The hearing is attended by 3 parties:
- Insurance company’s lawyer
- You and your lawyer
- The judge
However, you can bring witnesses to the hearing to make your case stronger. Your employer may also send a representative, and the court may have a reporter. At the start of the hearing, the insurance company’s lawyer and your lawyer will give evidence to the judge for review.
Some of the evidence that goes to the judge may include:
- Medical records
- Medical reports
- Unsettled medical bills
- Evidence of lost wages
- Reports by expert witnesses
- Employment records
Your lawyer will know what evidence needs to be presented to the opposing lawyer before the hearing and what rules need to be followed to ensure the judge accepts your evidence.
What happens after a workers’ comp hearing?
After a workers’ compensation hearing in Georgia, the process typically follows these steps:
- Both parties submit written closing arguments. This is an opportunity for each side to summarize their case, present their interpretation of the evidence, and argue why the judge should rule in their favor.
- The judge reviews all the evidence and arguments. This includes everything presented at the hearing, such as testimony, medical records and any other relevant documents.
- The judge makes a decision. Based on the review of the evidence and arguments, the judge will issue a decision. This decision will determine issues like the extent of the worker’s injuries, their ability to work, and the benefits they’re entitled to receive.
- The decision is issued in writing.
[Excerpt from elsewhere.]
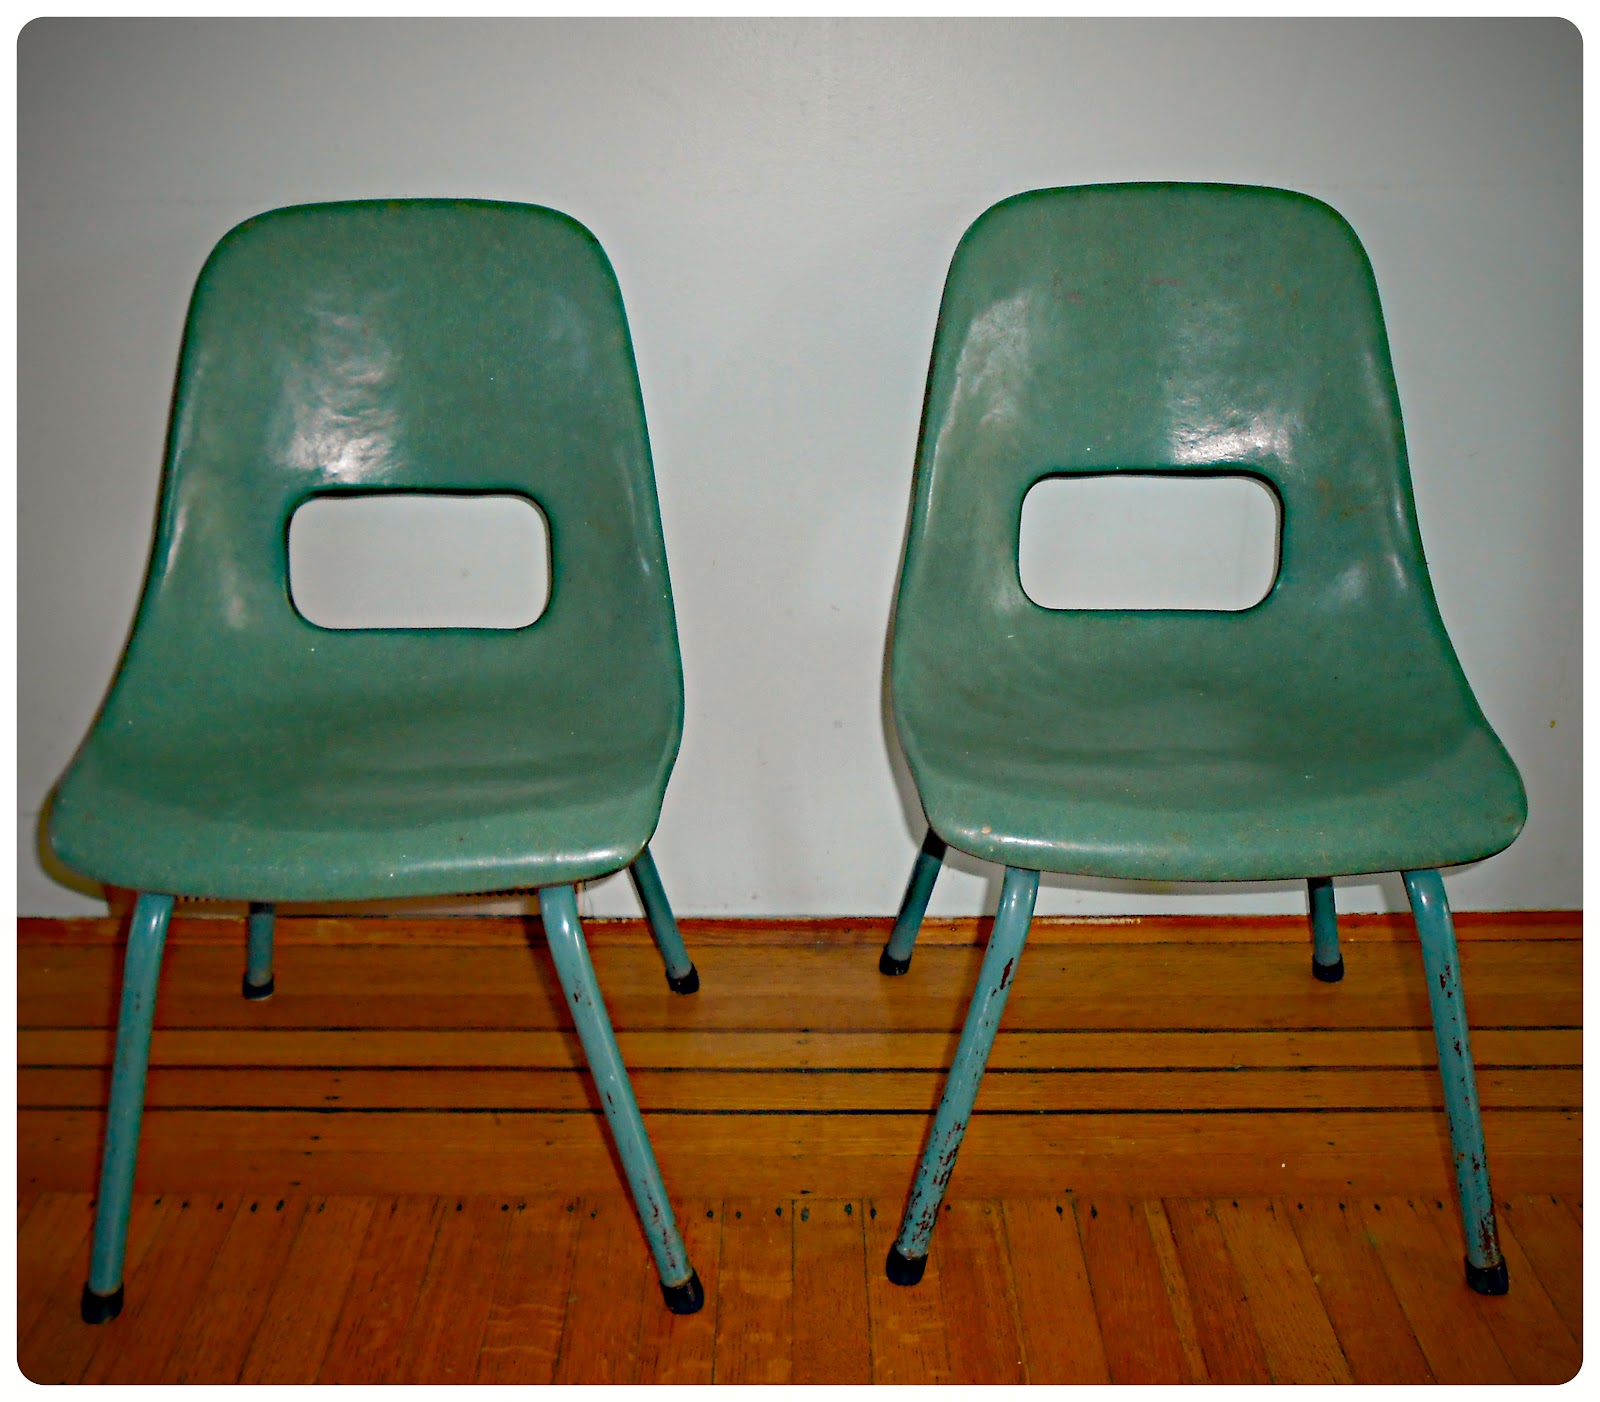 ■garage design Perkiness Garage Chairs Garage Chairs Stool The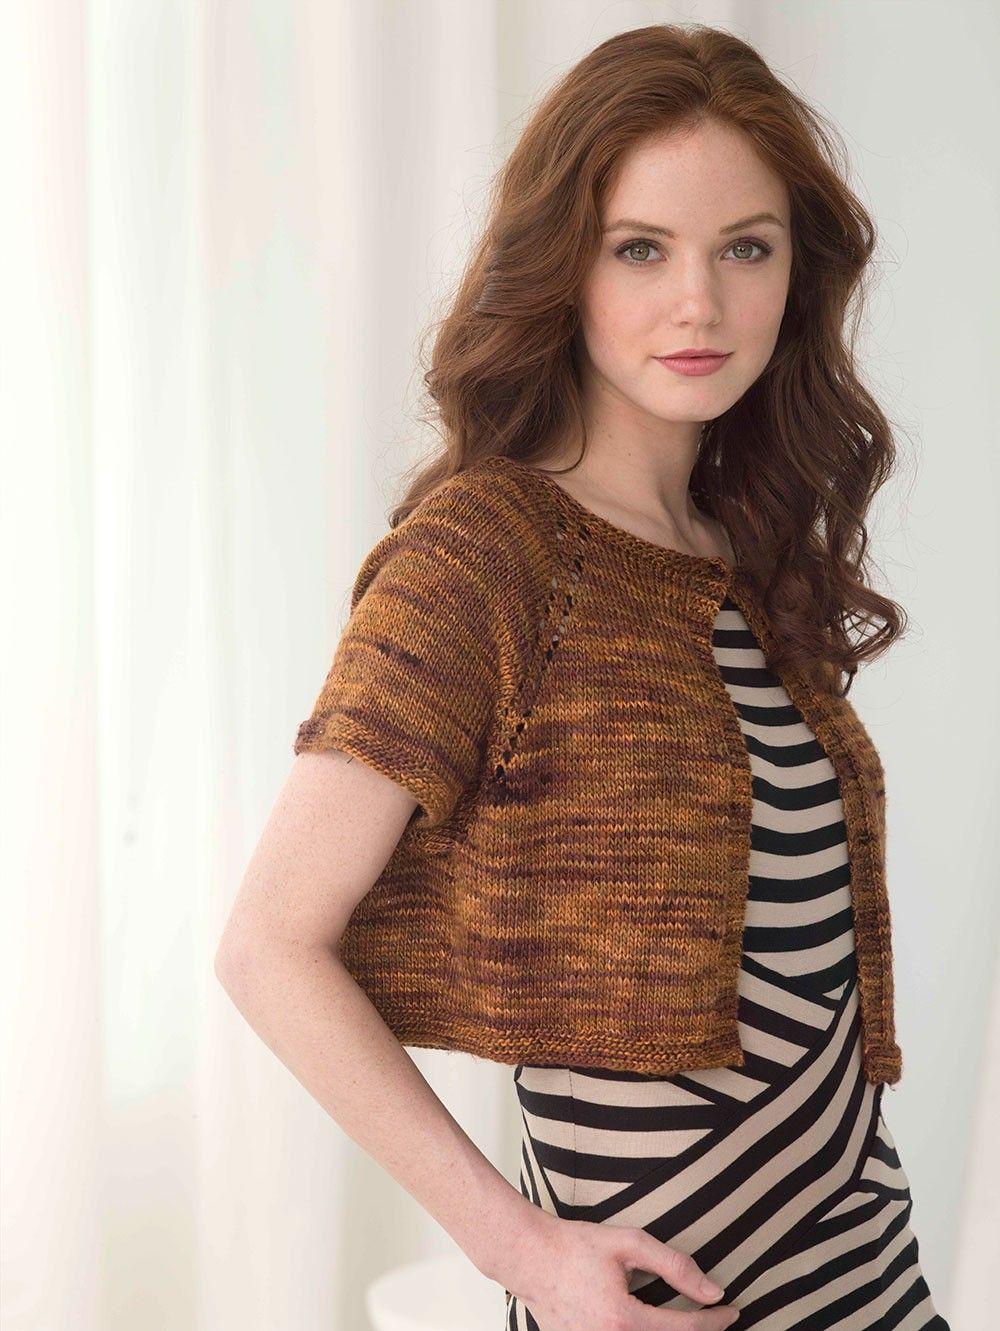 Simply Elegant Bolero Pattern (Knit) | Bolero pattern ...

The judge’s decision is provided in a written document that details their findings and the rationale behind the decision. In most cases, you’ll be notified of the decision within 90 days after the hearing.
- There is an opportunity to appeal. If either party disagrees with the judge’s decision in the first workers’ comp hearing, they typically have the right to appeal to the State Board of Workers’ Compensation Appellate Division within 20 days. If you disagree with the decision of the Appellate Division, you also have the option to appeal to the Superior Court in the county where your injury took place within 20 days of receiving the decision from the Appellate Division. However, the Superior Court only has the power to reverse the Appellate Division’s ruling in specific, limited circumstances.
- The decision is implemented. If there is no appeal, or once the appeal process is complete, the decision becomes final and must be implemented. This could involve the payment of benefits, medical treatment, or other actions as ordered by the judge.
Your attorney will guide you through this process and advise you as to when an appeal is and isn’t in your best interest.
What happens during a civil lawsuit?
When you file a civil lawsuit, you are suing a third party that contributed to the occurrence of your accident or illness. This usually involves a civil court, as opposed to a workers’ compensation board.
If your employer offers workers’ compensation, you generally may not sue your employer. However, you could still decide to sue any third parties who contributed or caused the accident. If you want to avoid a lengthy court process, going for workers’ compensation is better than filing a civil lawsuit.
There are, however, instances where filing for a civil lawsuit comes in handy. These include:
- If your employer’s intentional and malicious conduct was directly responsible for the accident
- If the accident was caused by a third party (not your employer)
- If the insurance company denies your claim in bad faith and you feel you deserve compensation
A civil lawsuit should be your last option. You should only go this route when you have strong evidence. Unlike a workers’ comp hearing, a civil lawsuit can take a long time to settle.
If you’ve suffered an injury or illness at work and are considering filing a workers’ comp claim or civil lawsuit, it’s essential that you speak with an experienced workers’ compensation attorney first.